Functional medicine is a science-based field of healthcare that is grounded in the following principles:

  • Client-centered care
  • Dynamic balance of internal and external factors
  • Biochemical individuality
  • Health as a positive vitality
  • Web-like interconnections of physiological factors
  • Promotion of organ reserve

Functional medicine involves examining the core clinical imbalances that underlie a disease or condition – looking beyond signs and symptoms to a deeper understanding of functionality. These imbalances arise as environmental inputs, such as diet and nutrients (including oxygen and water), exercise and trauma are processed by a client's body through his or her unique metabolism.

We also keep in mind that literally everything about that client is also affected by his/her mind, spirit, attitudes and beliefs.
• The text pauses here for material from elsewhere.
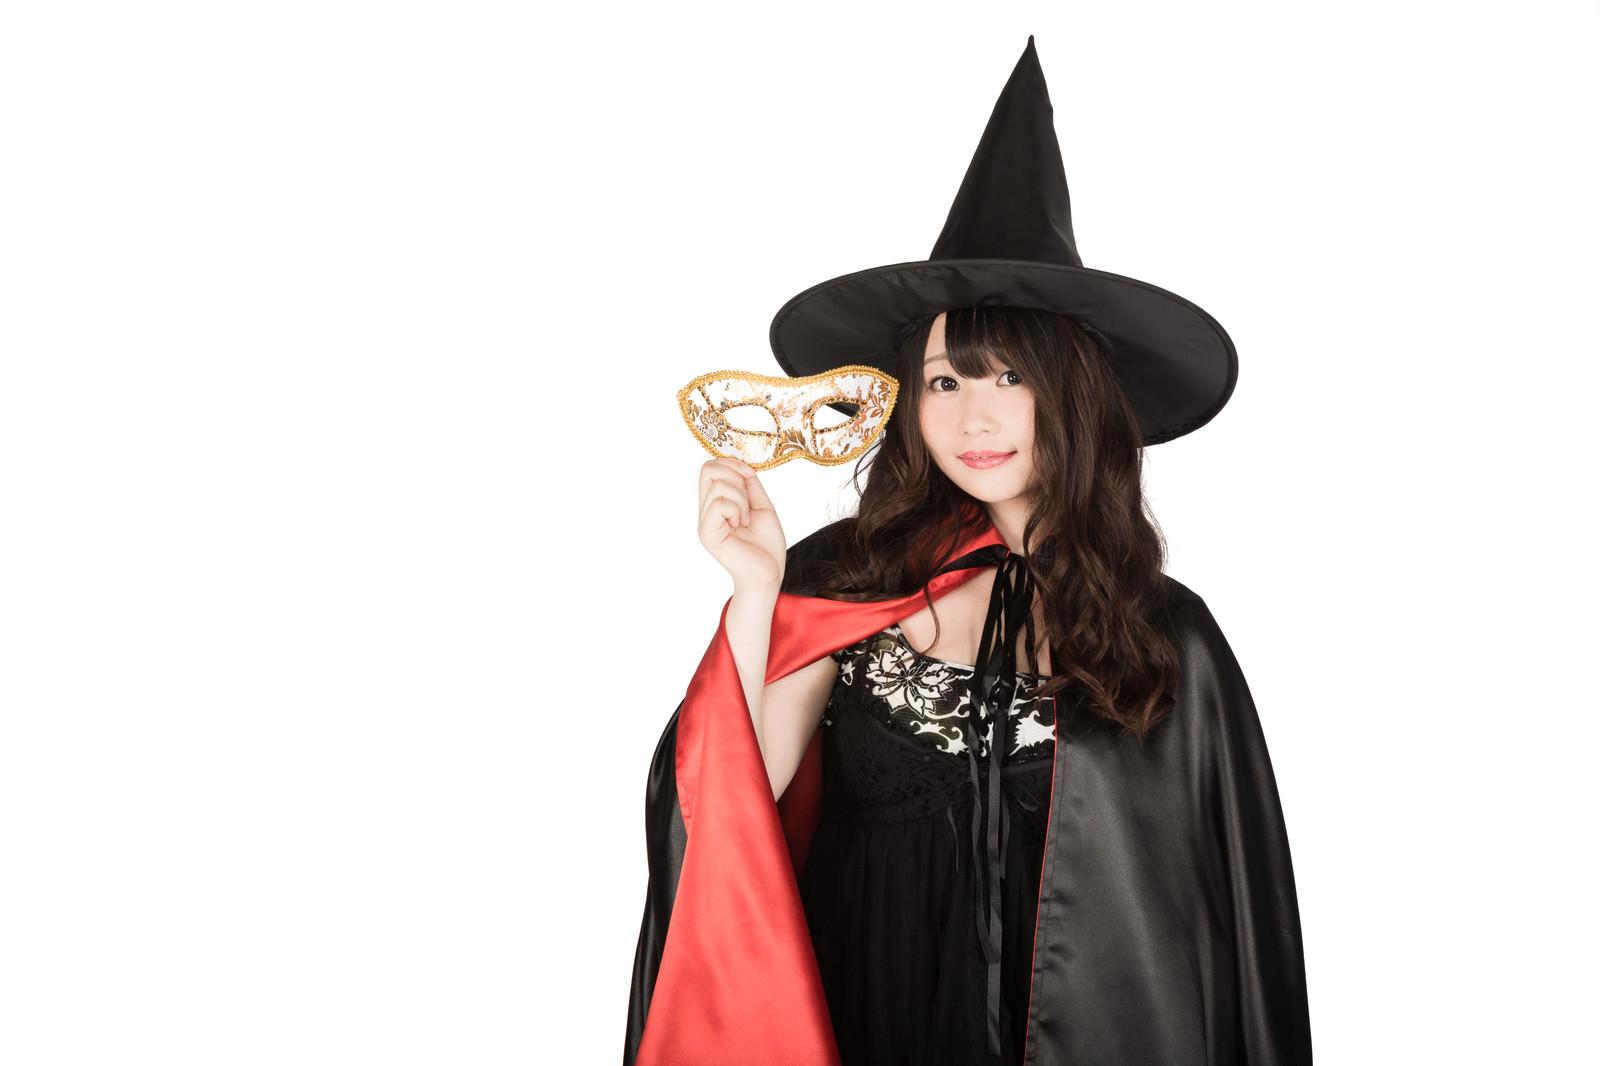 「仮装用マスクを外した魔女(ハロウィン)仮装用マスクを外した魔女(ハロウィン)」[モデル:茜さや]のフリー写真素材を拡大
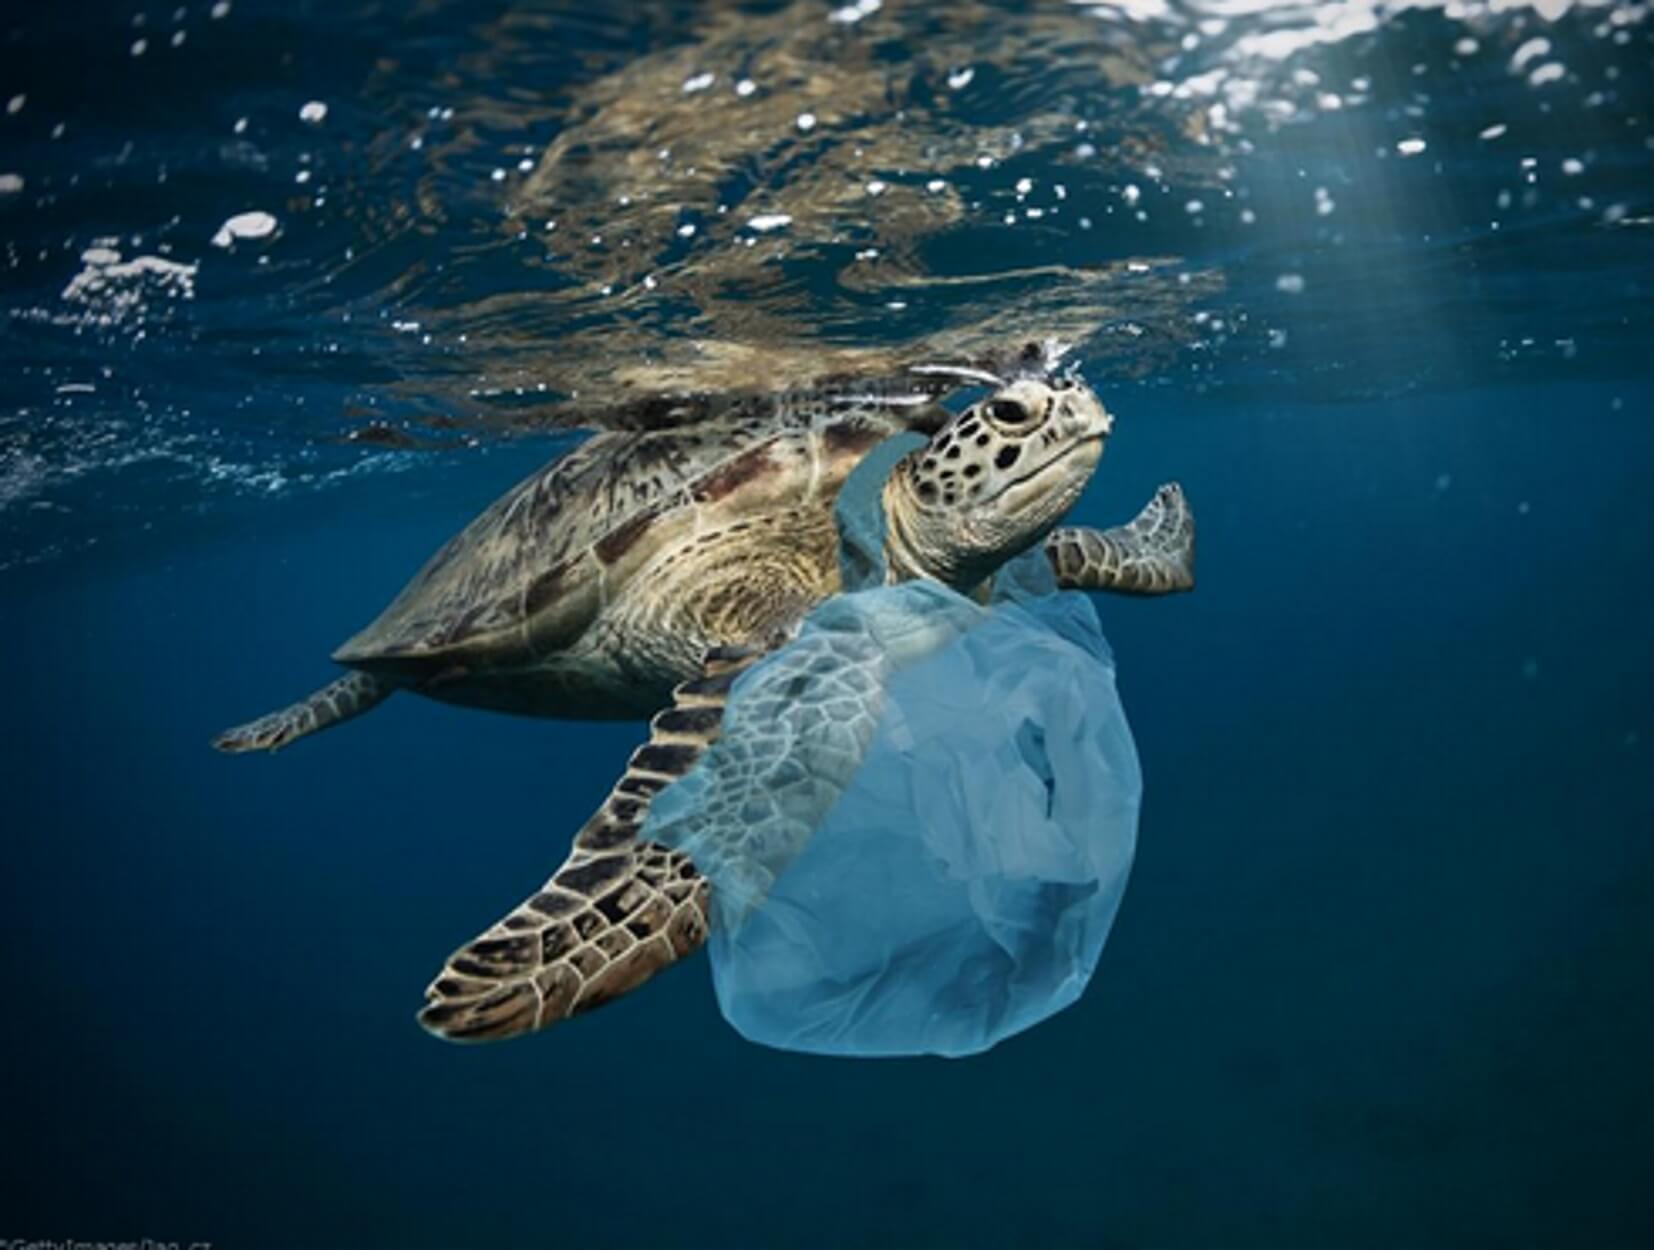 230.000 τόνοι πλαστικά πέφτουν κάθε χρόνο στην Μεσόγειο! Ποιες χώρες ρυπαίνουν πιο πολύ

The principles of functional medicine present a different context for identifying and understanding these imbalances.

Fundamental physiological processes that support healthy balance and optimal functioning include:

  • Communication (intra- and intercellular)
  • Bioenergetics, or the transformation of food into energy
  • Replication and maintenance of structural integrity, from the cellular to the whole body level
  • Elimination of wastes and defence
  • Absorption, circulation and transport of nutrients in the body

From a functional medicine standpoint, imbalances in these processes can lead to changes in many different physiological systems that then become precursors to the signs and symptoms that we may diagnose as organ system disease.

Approaching clinical nutrition from a functional medicine perspective also means identifying the core metabolic imbalances that most often result from system breakdowns. The main categories of metabolic imbalances include:

  • Digestive, absorptive and microbiological imbalances
  • Detoxification and biotransformation imbalances
  • Oxidation-reduction imbalances and mitochondropathies
  • Hormonal and neurotransmitter imbalances
  • Immune imbalances and inflammatory imbalances
  • Structural imbalances, from cellular membrane function to musculoskeletal system


Research is now focusing on how to assess these imbalances earlier in life, and then readjust the metabolic balance to decrease the risk those conditions and diseases pose to the well-being and quality of life for all of us. As this brief introduction demonstrates, nutrition is one of the key environmental inputs that can be reviewed and modified to support optimal health and function.